TASK TO CARRY OUT - For the data that follows, return each line unchanged and drop the pictures.

[[ DATASET EXCERPT, beginning ]]

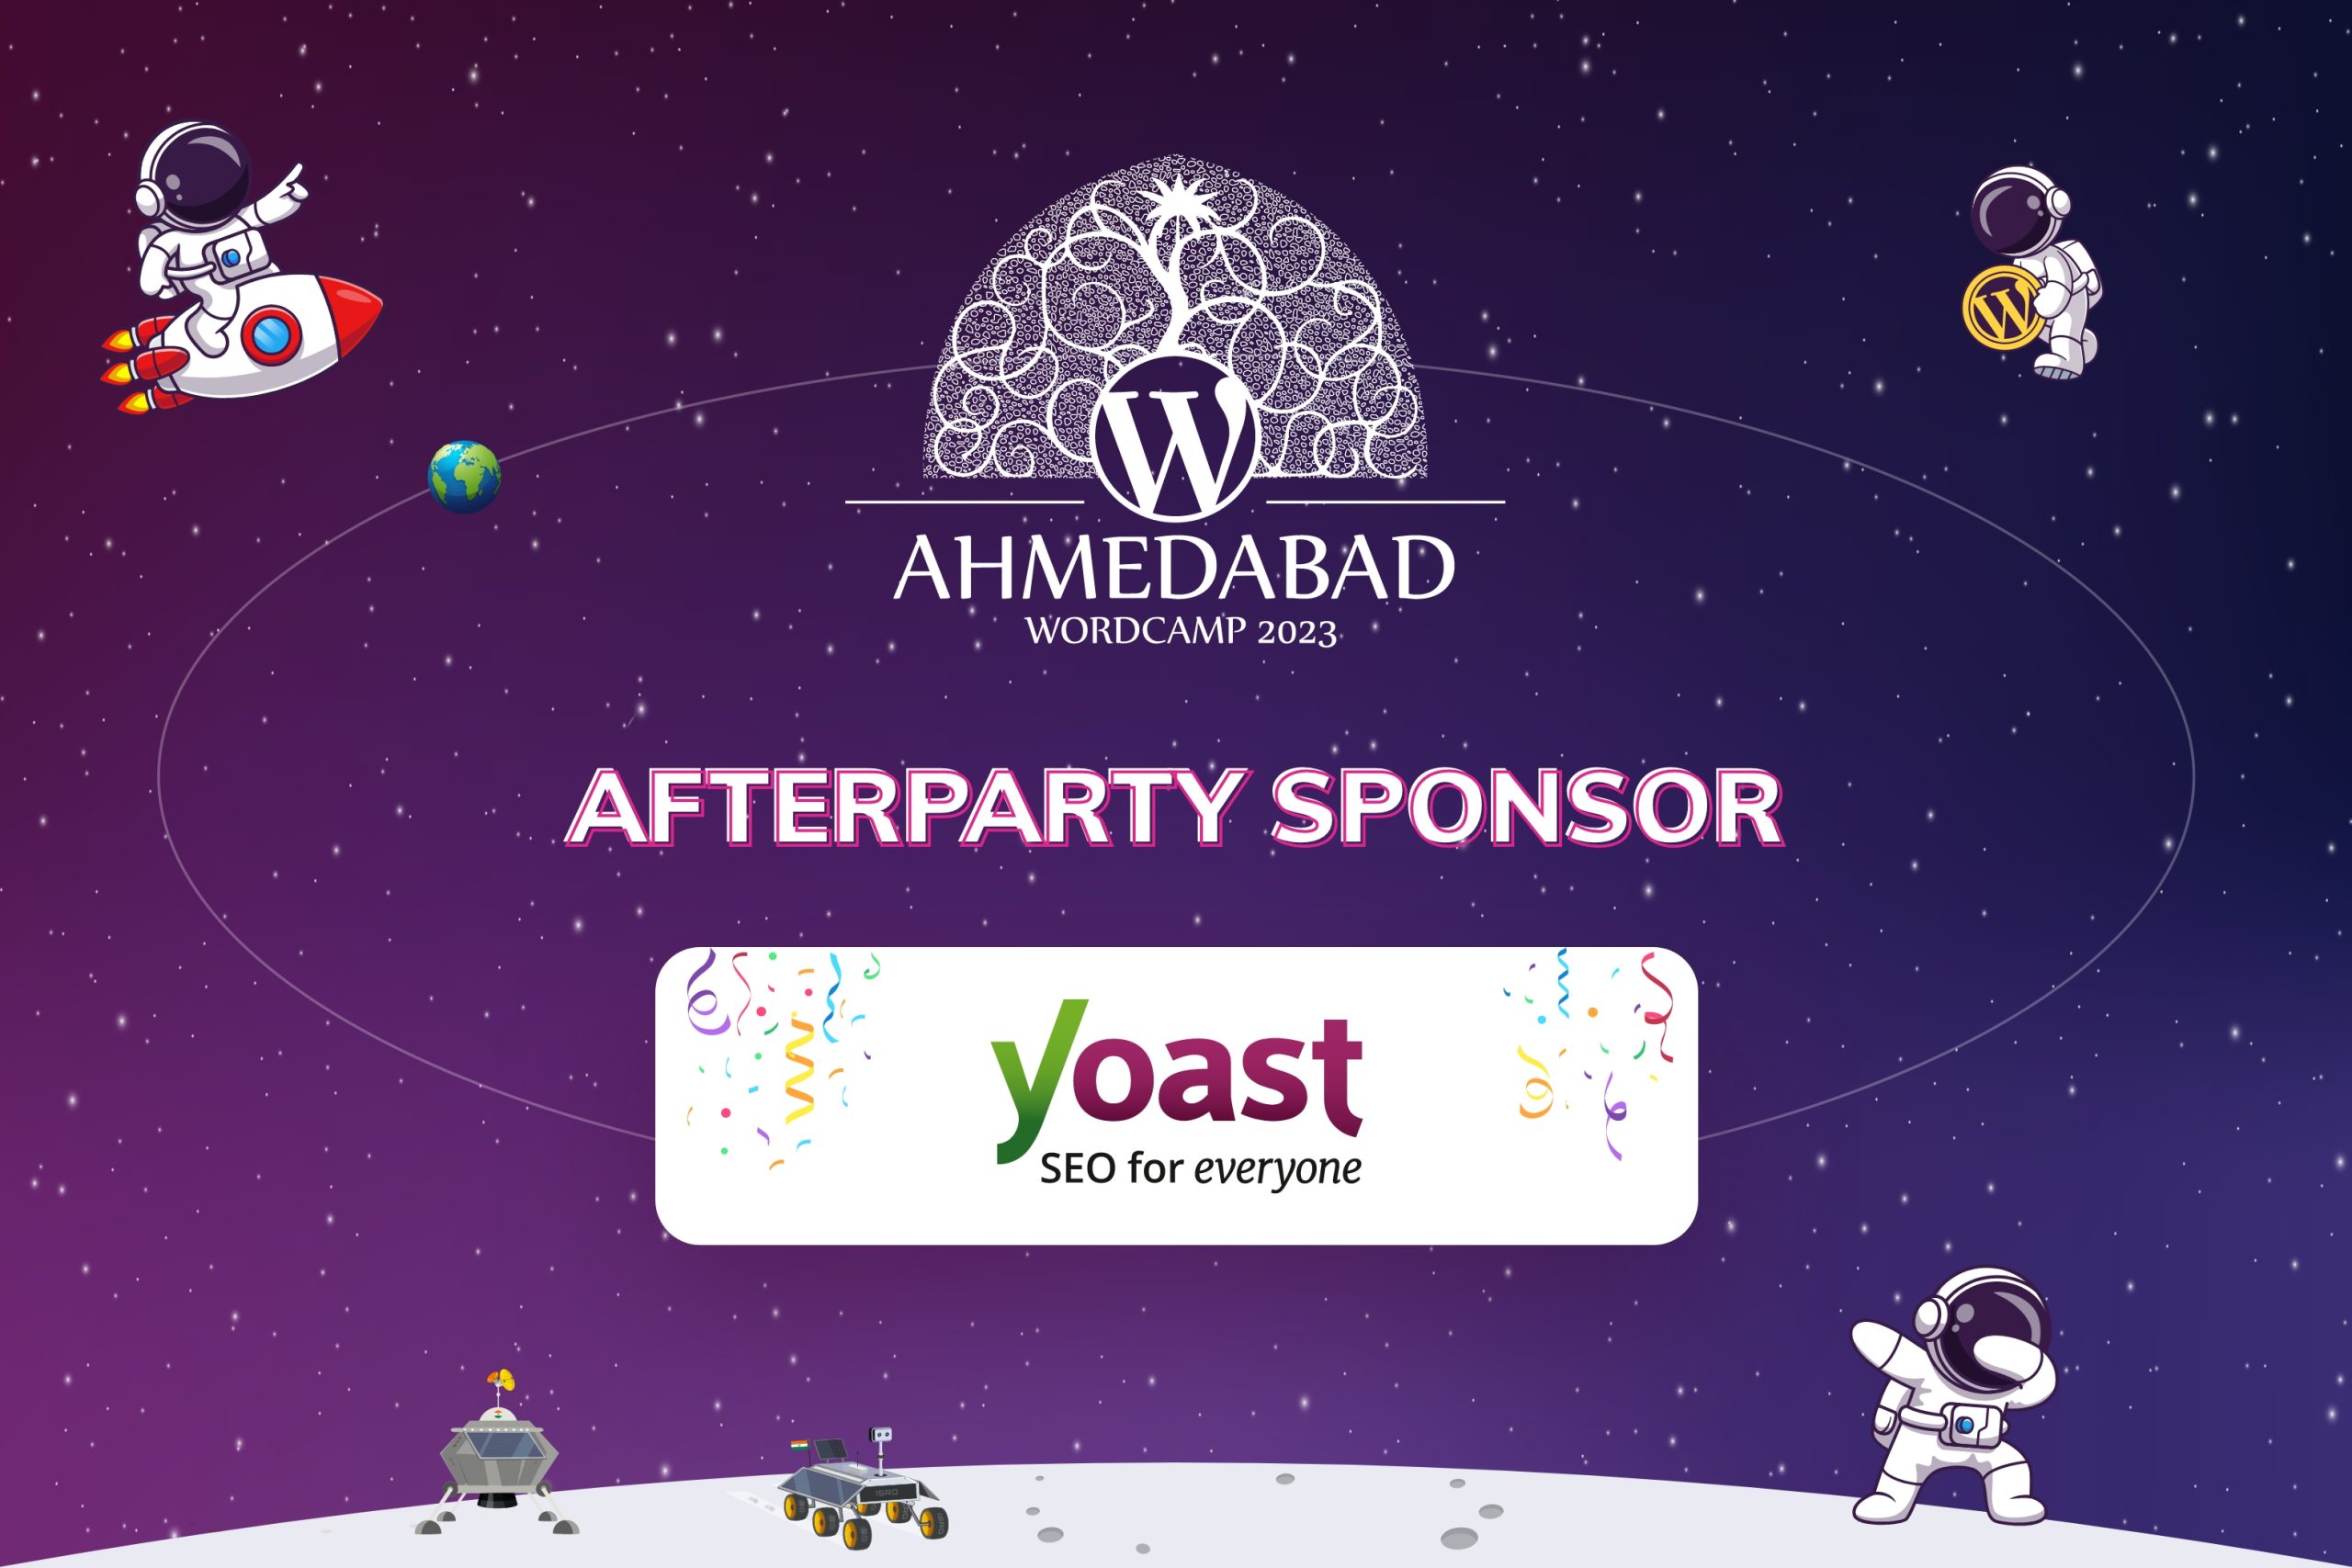 Thank You Yoast, for being our After Party Sponsor
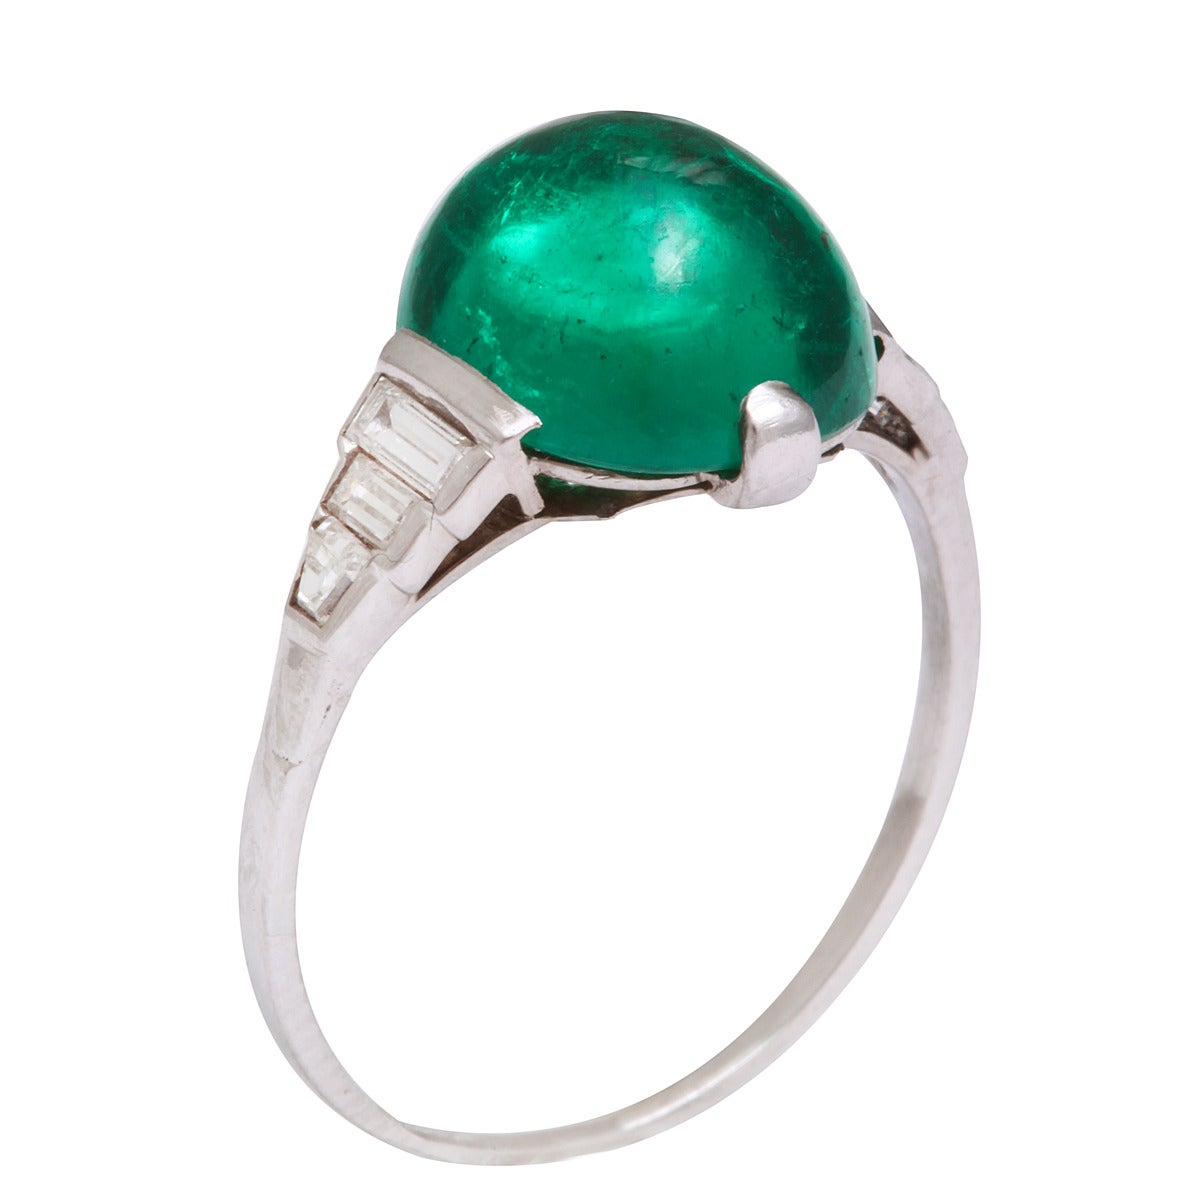 Cabochon emerald ring set in platinum and diamond mount.

English, ca. 1900
(Emerald approx. 4.3 cts)

[[ DATASET EXCERPT, end ]]

SOLUTION TO THIS TASK -
 Thank You Yoast, for being our After Party Sponsor
 Cabochon emerald ring set in platinum and diamond mount.

English, ca. 1900
(Emerald approx. 4.3 cts)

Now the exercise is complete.